Oppenheimer closed her message by thanking fans and teasing future projects.
“Thank you for loving our show. We are excited to bring you more stories in the near future.”
For now, the final episode is streaming, closing the Lucy and Stephen saga for good.
What to watch if you’re not ready to let go
If the finale has left a void, several series explore similarly complicated relationships, emotional manipulation and messy coming-of-age dynamics.
Normal People follows an on-and-off relationship shaped by miscommunication, insecurity and shifting power. Like Tell Me Lies, it captures how formative love can echo long after university ends.
Euphoria leans into heightened emotional stakes and morally ambiguous young characters navigating obsession, addiction and identity. It is darker in tone but carries a similar intensity.

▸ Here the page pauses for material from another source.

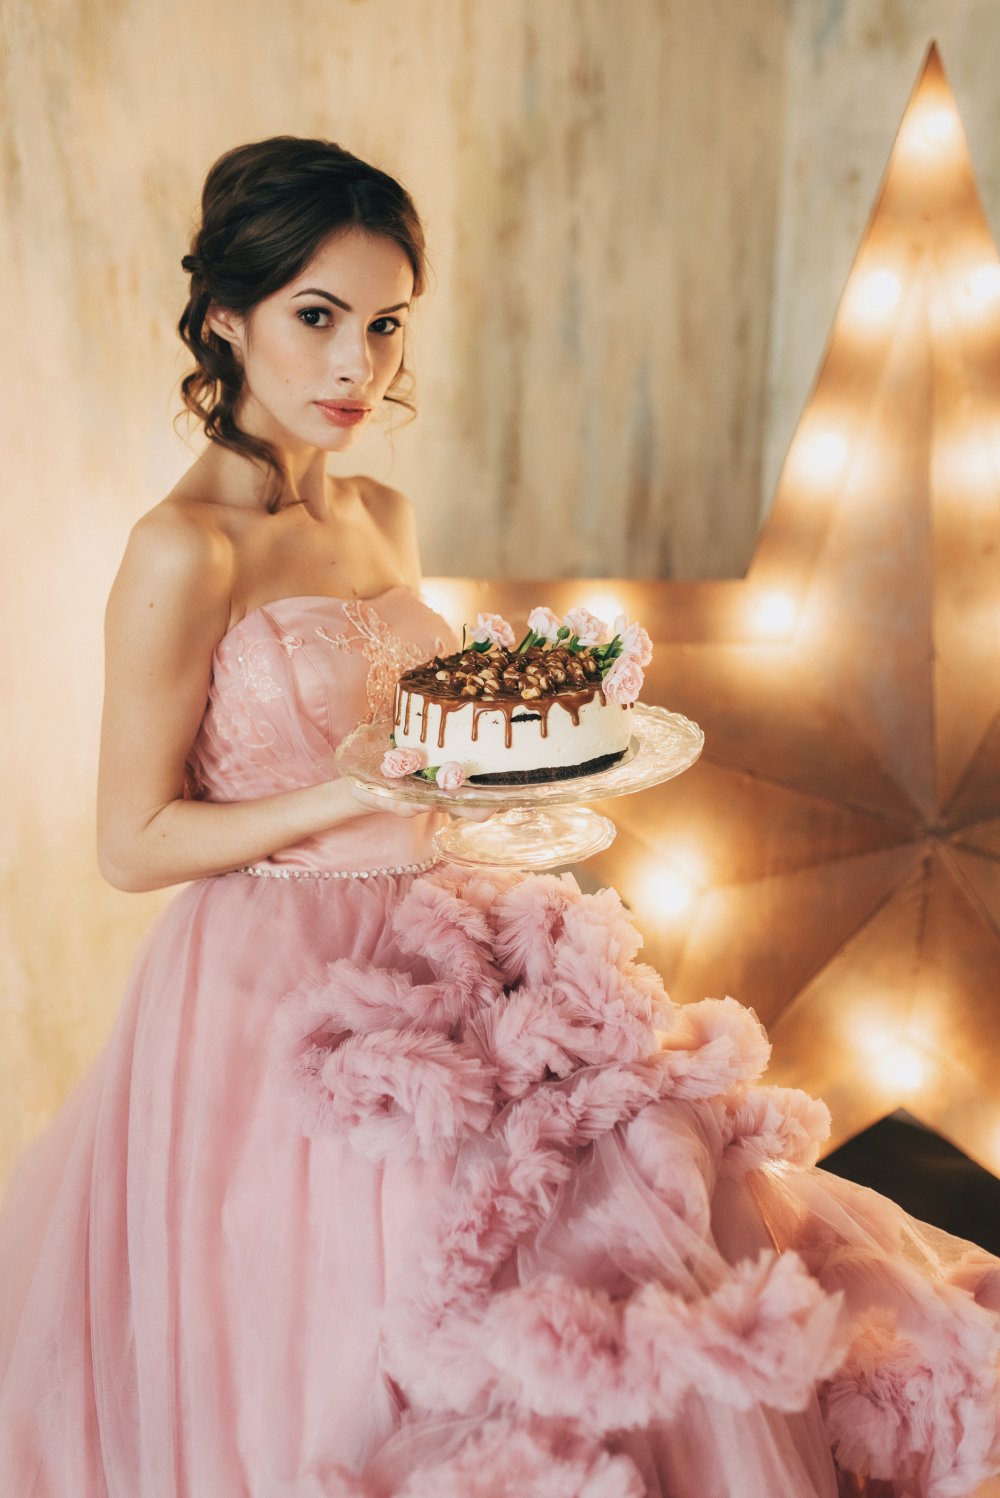 Невеста с мини-тортом покрытым орехами и карамелью

Conversations with Friends explores blurred boundaries, secrecy and romantic power imbalances among young adults struggling with desire and betrayal.
The Summer I Turned Pretty offers a softer alternative, centring on complicated love triangles and emotional missteps with a more nostalgic feel.
You takes manipulation to its most extreme conclusion, examining charm, control and the darker psychology beneath romance.
For fans of emotionally messy storytelling, the post-Tell Me Lies era may not feel quite so empty after all.